Further, there is no evidence that the consideration for the lump sum payments was beneficial to the debtor in possession in the operation of the business. In fact, four days after appellants were terminated, the debtor in possession moved the bankruptcy court for permission to reject the employment contracts and eventually did so. Thus, appellants' agreement to forego other employment opportunities to work for CFS in return for the promise of the lump sum payments was of no benefit to the estate. The lump sum payments were not actual, necessary costs and expenses of preserving the estate. See 11 U.S.C. § 503(b)(1)(A).

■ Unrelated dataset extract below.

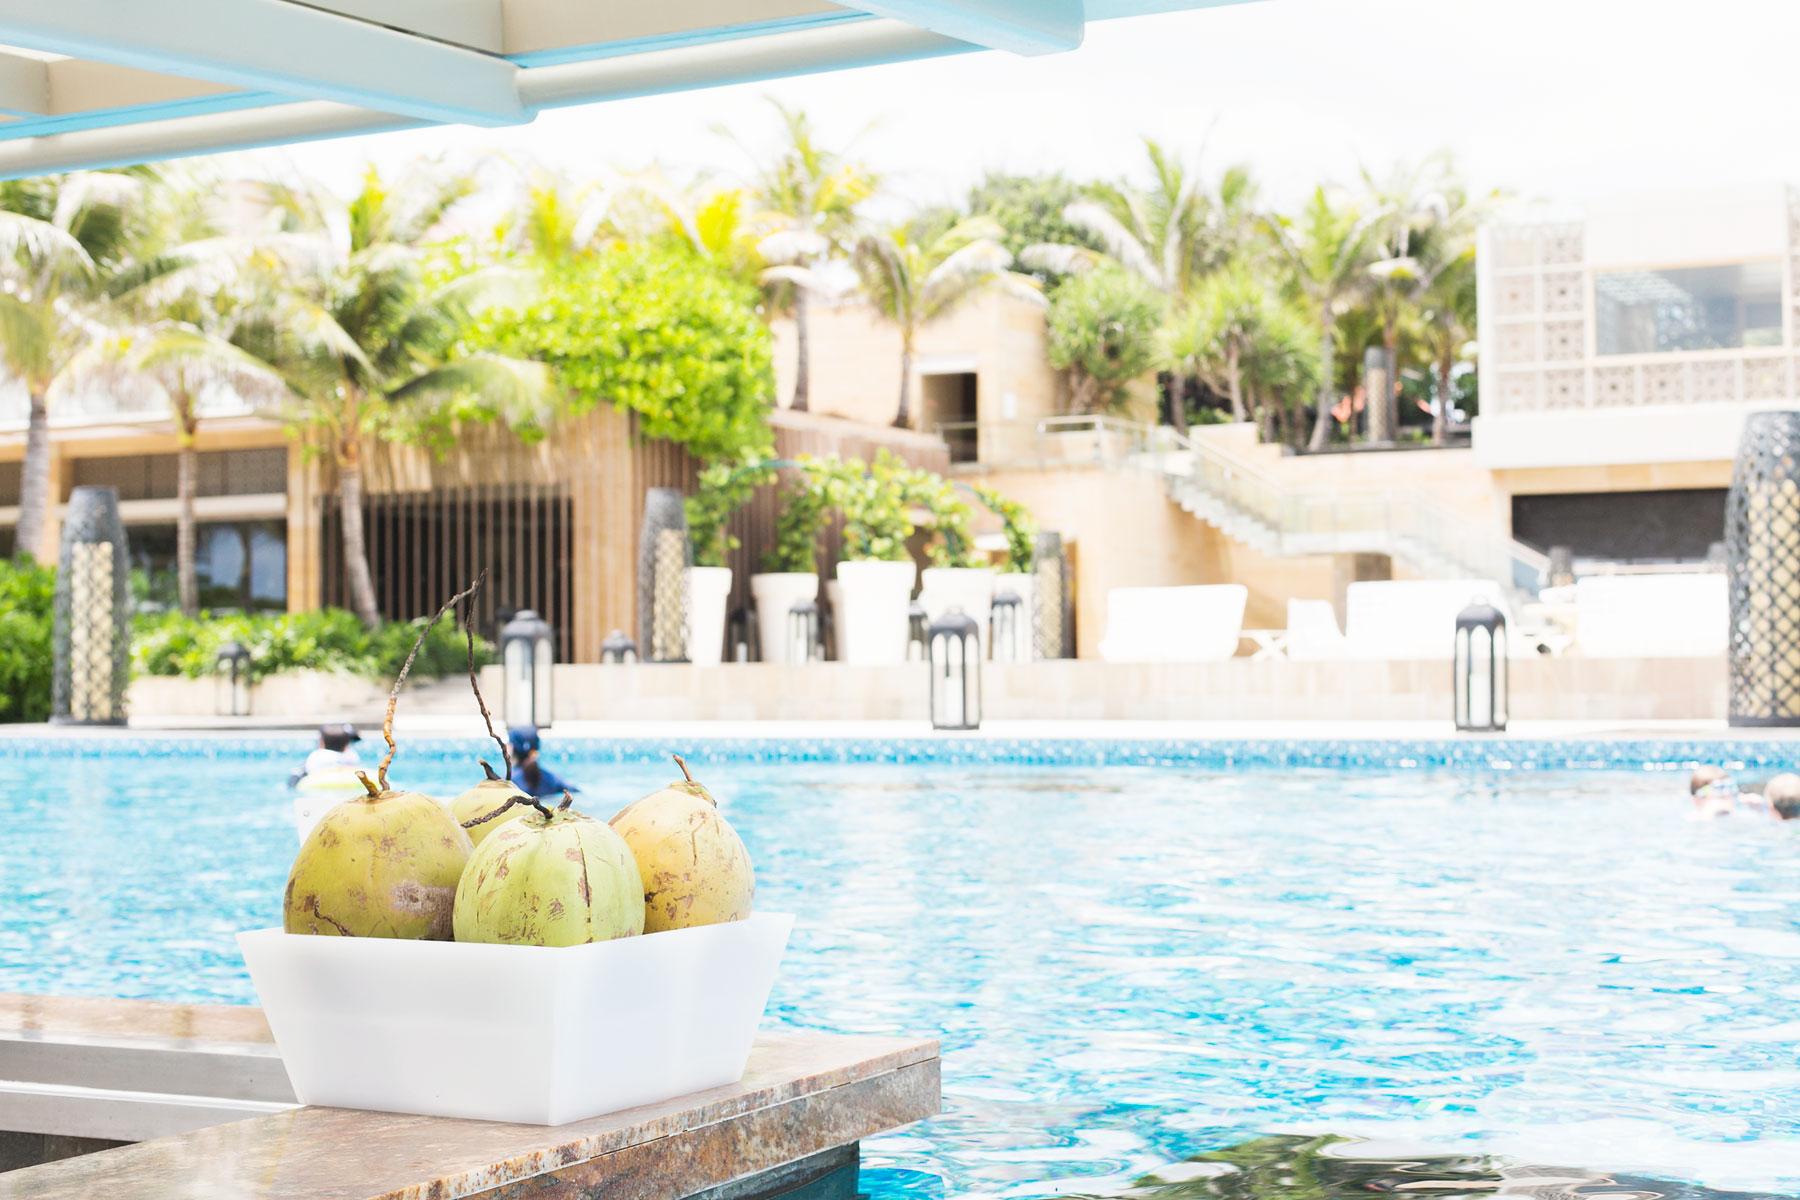 The Malia Resort  in Bali

Appellants cite Teamsters Local No. 310 v. Ingrum (In re Tucson Yellow Cab Co.), 789 F.2d 701, 704 (9th Cir. 1986), in which the Ninth Circuit held that severance pay in lieu of notice was entitled to administrative priority. That case, driven largely by equitable concerns, is distinguishable. In Tucson Yellow Cab, a collective bargaining agreement between the taxi drivers and the company provided for two weeks notice prior to termination or severance pay in lieu of notice. The clear intent of the parties was to compensate the drivers for at least two weeks before termination, either by providing them with two weeks notice, after which the drivers would presumably work two more weeks and be paid, or to pay them two weeks severance pay and terminate them immediately. The pay in lieu of notice was clearly a component of compensation. Here, in contrast, appellants were paid their normal wages for the three weeks they worked post-petition. The lump sum cash payments were not "wages, salaries, or commissions for services rendered after the commencement of the case." See 11 U.S.C. § 503(b)(1)(A).
Here, as in Mammoth Mart, the salaries paid appellants fully compensated them for their post-petition services to the debtor in possession. "The claims for [the lump sum payments] are based entirely upon [consideration supplied] by appellants to the debtor, and, as such, are not entitled to priority." Mammoth Mart, 536 F.2d at 955.
The judgment of the United States District Court for the Northern District of Oklahoma is AFFIRMED.